I'm currently working as a software engineer at NewsBreak, a leading intelligent app focus on local news. Before that, I was a NSF funded Ph.D. candidate in Department of Computer Science at North Carolina State University under the supervision of Dr. Tim Menzies. I joined the Real-world Artificial Intelligence for Software Engineering (RAISE) lab in 2017.
Before coming to NC State, I earned my M.S. degree of Computer Science from The University of Texas at Dallas in 2015, where I also finished courseworks of Electrical and Computer Engineering (mainly focusing on VLSI Circuit Design and Computer Architecture). I did my undergrad at Nanjing University of Posts and Telecommunications, China, where I got my B.S. degree of Microelectronics in 2013.
My research interests include using data mining and artificial intelligence methods to solve real-world problems in software engineering field. Such as exploring new techniques in search-based optimization to improve the performance of current SE predicting tasks (like effort estimation, text mining, software health, etc.). I believe these software engineering tasks do not always need to be hard (but it may not be easy to find the easy ways to do it) and enjoy finding the path to make them better and better.
Many methods have been proposed to estimate how much effort is required to build and maintain software. Much of that research tries to recommend a single method – an approach that makes the dubious assumption that one method can handle the diversity of software project data.
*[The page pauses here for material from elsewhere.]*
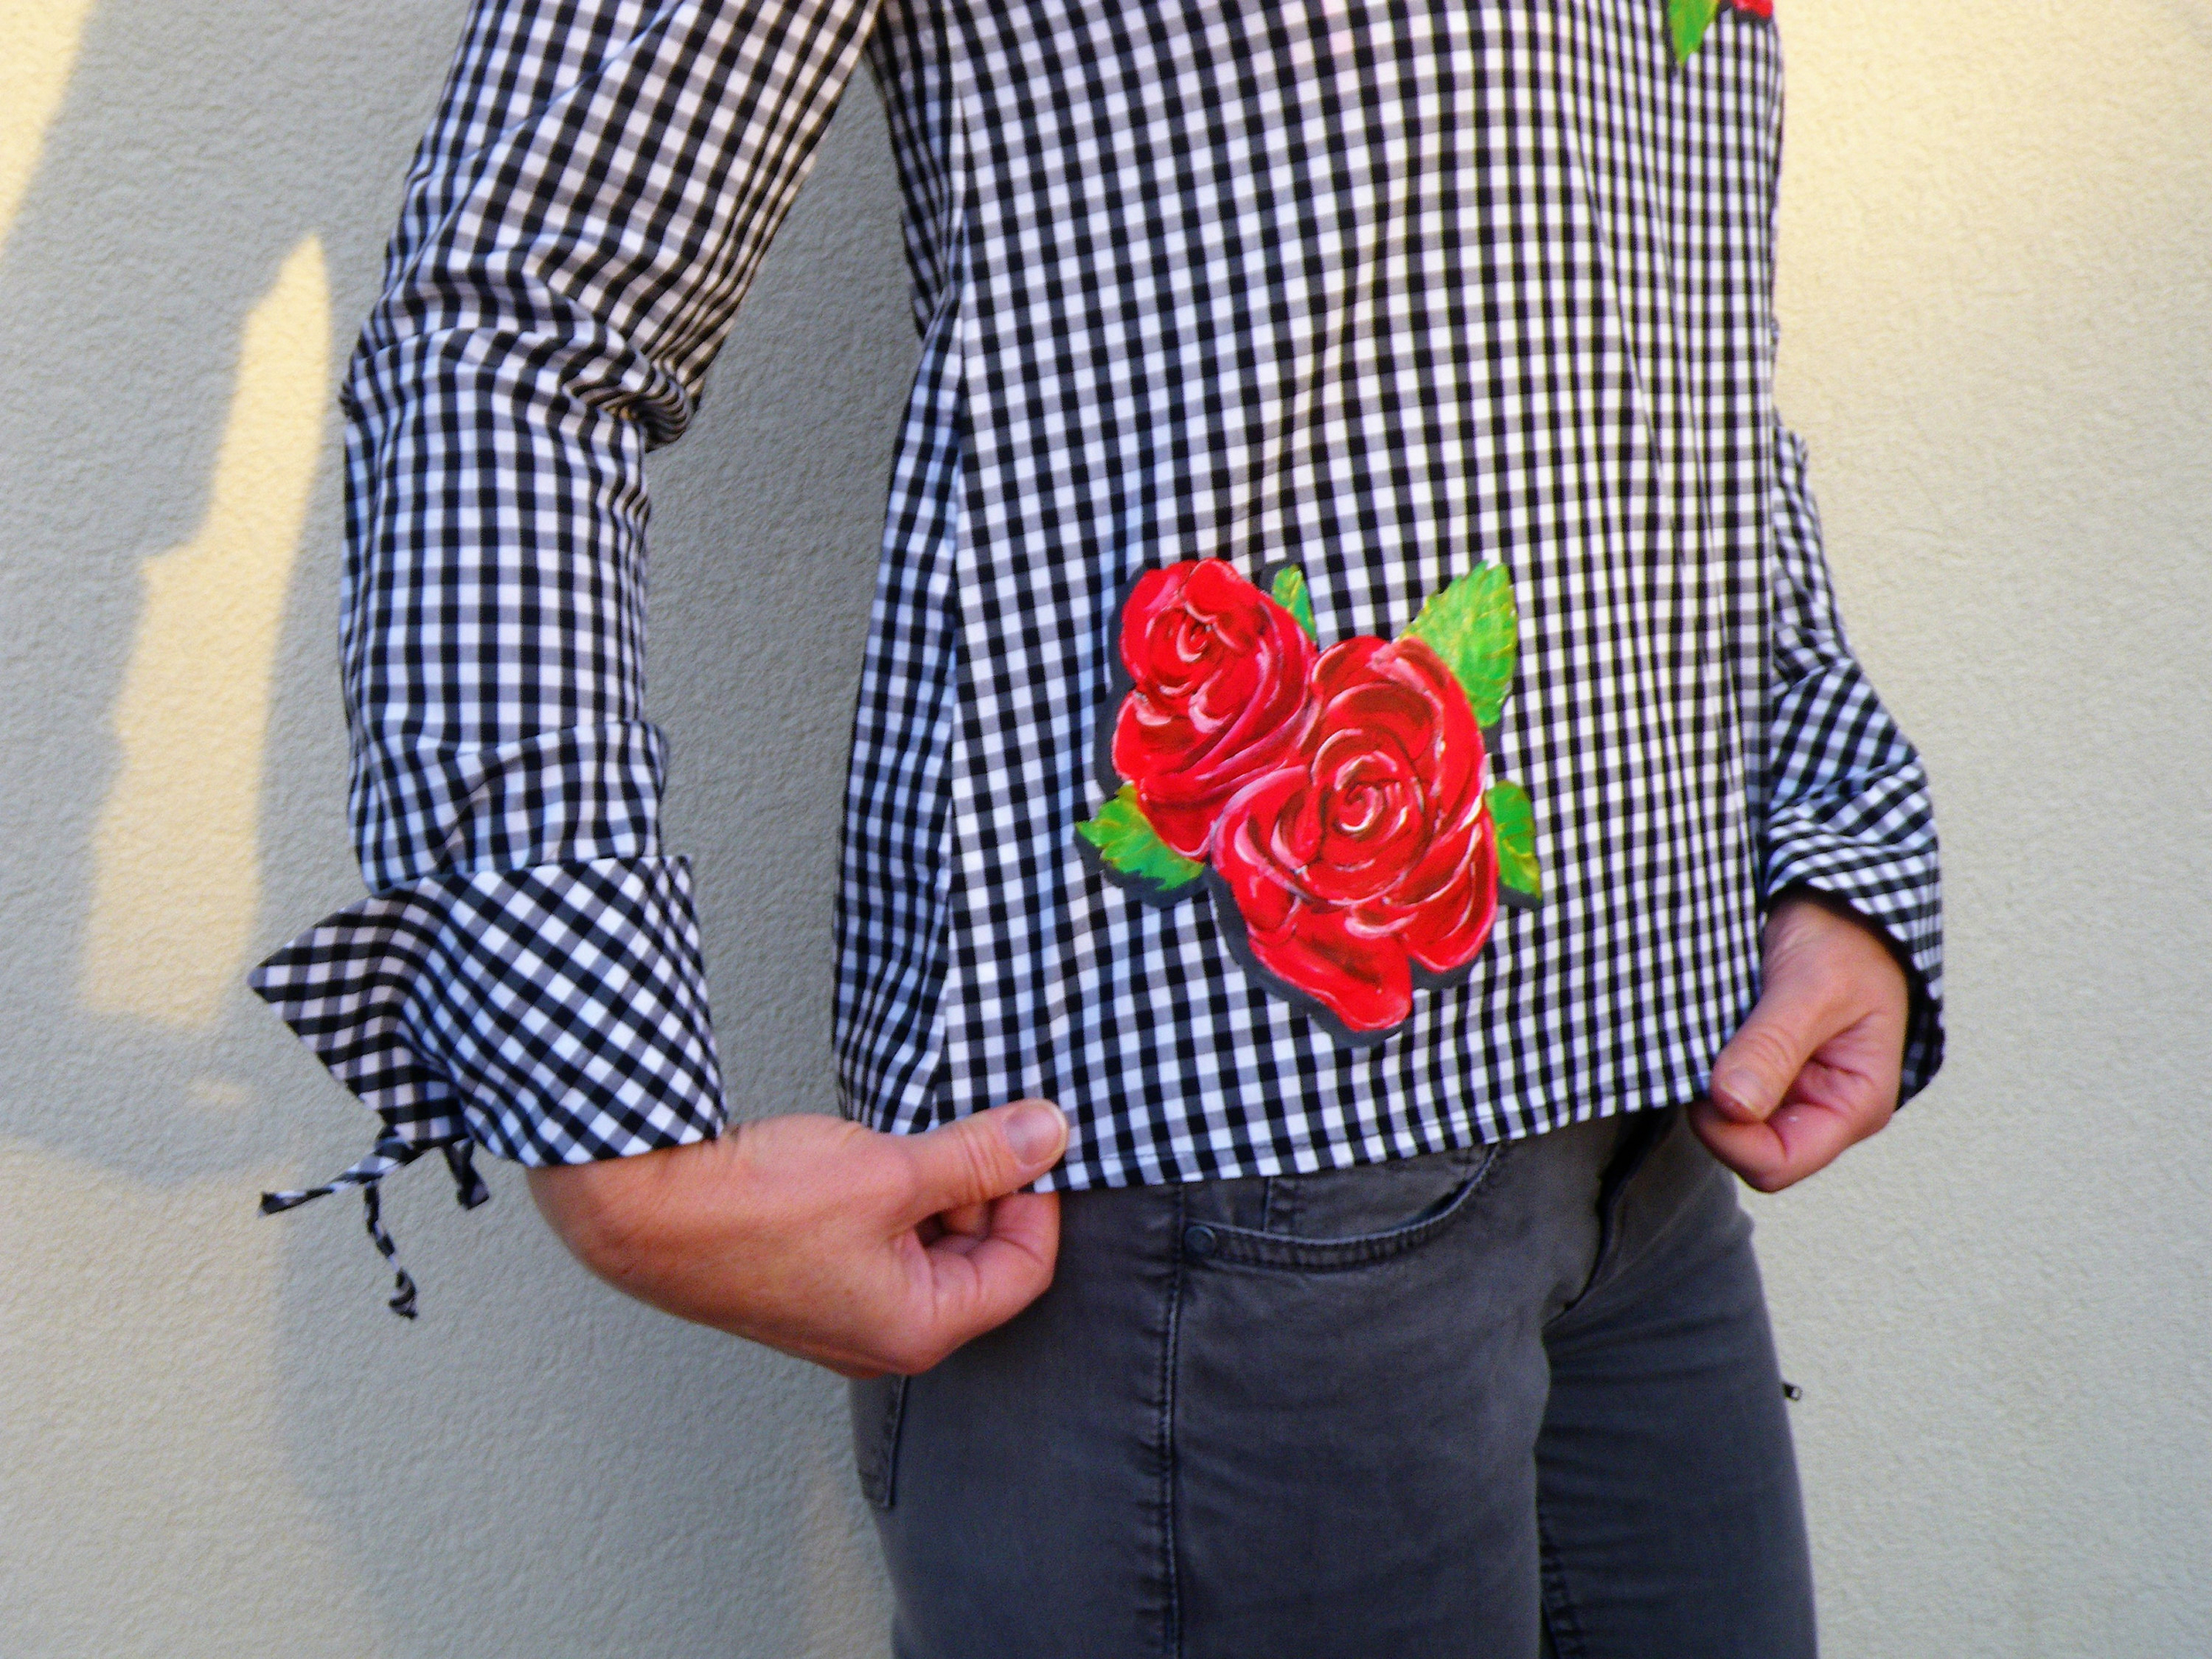 chemise femme pied-de-poule avec roses

To address this drawback, we apply a configuration technique called “ROME” (Rapid Optimizing Methods for Estimation), which uses sequential model-based optimization (SMO) to find what configuration settings of effort estimation techniques work best for a particular data set.
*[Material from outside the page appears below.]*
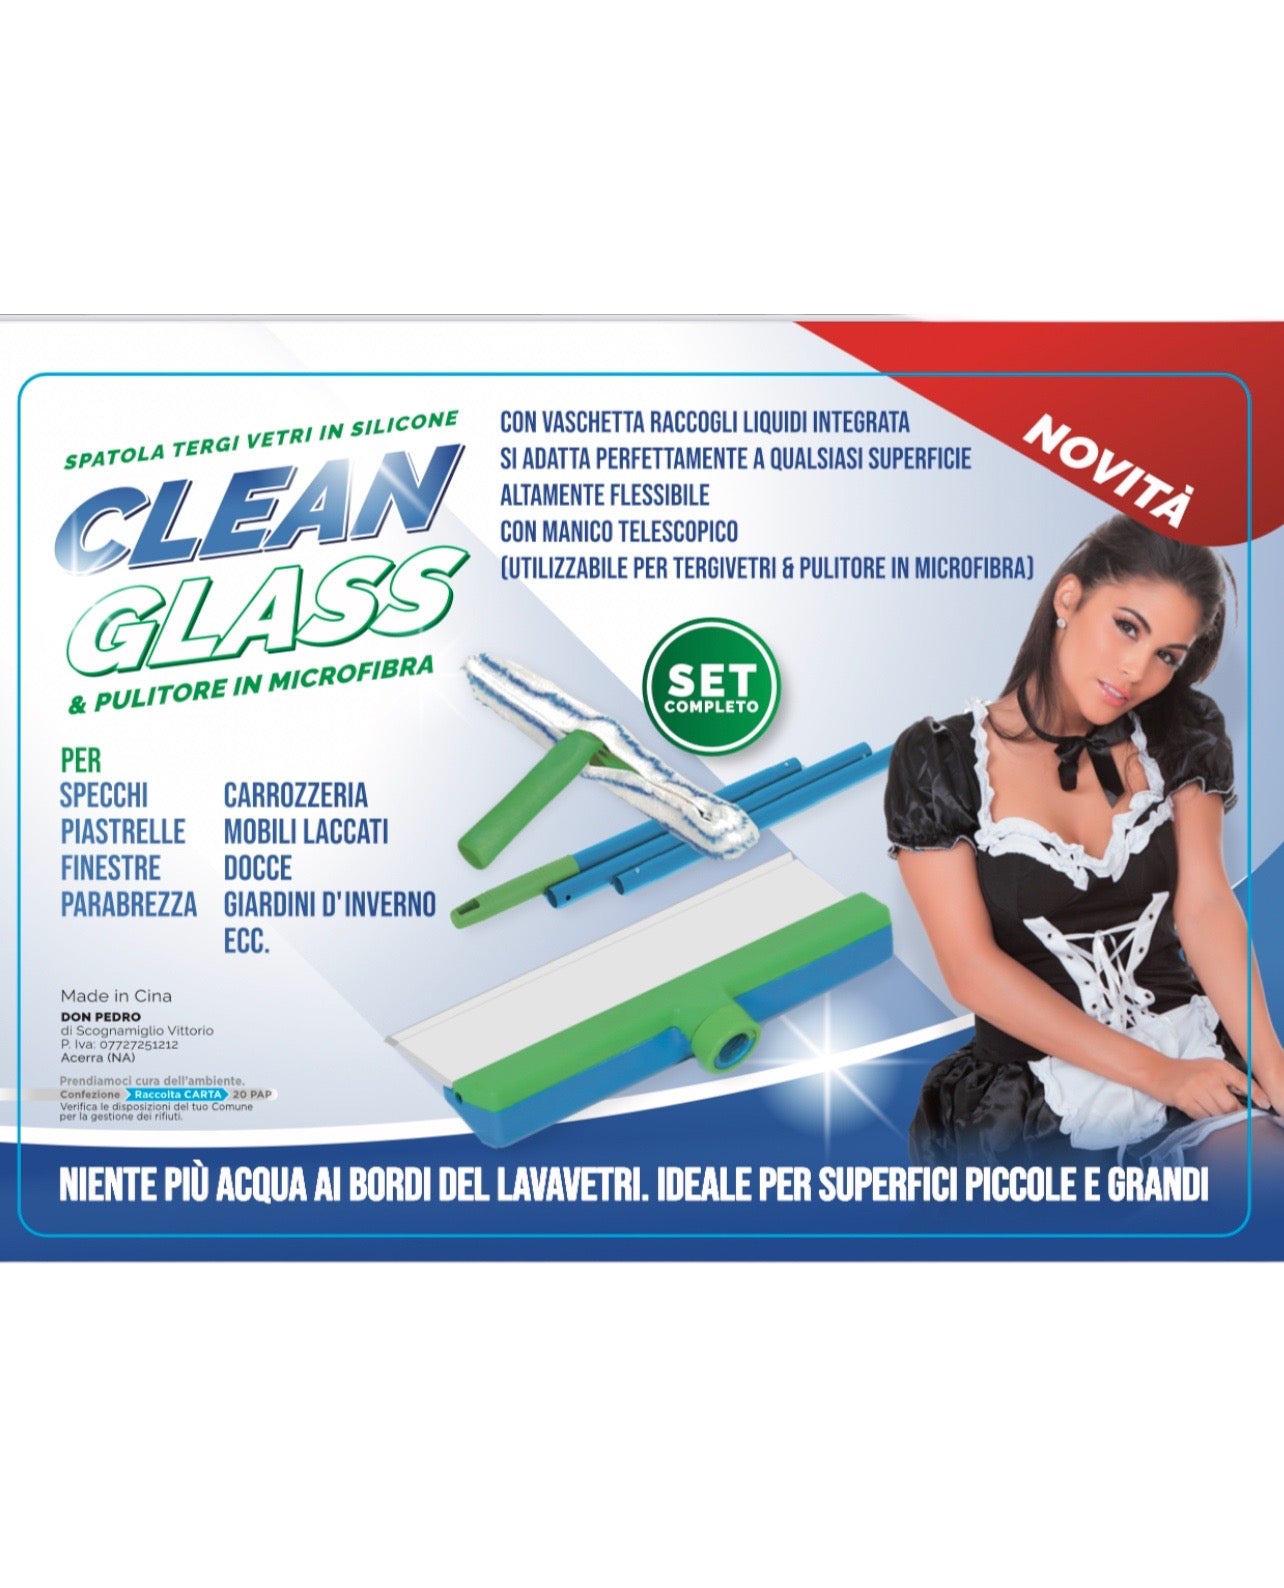 Clean Glass professional set – Pedro Shop - Tutto quello che ti serve!

Software developed on public platforms are a source of data that can be used to make predictions about those projects. While the activity of a single developer may be random and hard to predict, when large groups of developers work together on software projects, the resulting behavior can be predicted with good accuracy. In this study, we use 78,455 months of data from 1,628 GitHub projects to make various predictions about the current status of those projects. The predicting error rate can be greatly reduced using DECART hyperparameter optimization.
In order that the general public is not vulnerable to hackers, security bug reports need to be handled by small groups of engineers before being widely discussed. But learning how to distinguish the security bug reports from other bug reports is challenging since they may occur rarely. Data mining methods that can find such scarce targets require extensive optimization effort. Our approach can quickly optimize models that achieve better recalls than the prior state-of-the-art. These increases in recall are associated with moderate increases in false positive rates.
Machine learning-based security detection models have become prevalent in modern malware and intrusion detection systems. However, such models are susceptible to adversarial evasion attacks. In this type of attack, inputs are specially crafted by intelligent malicious adversaries, with the aim of being misclassified by existing state-ofthe-art models. Our methods can help security practitioners and researchers build a more robust model against adversarial evasion attack through the use of ensemble learningwith hyperparameter optimization.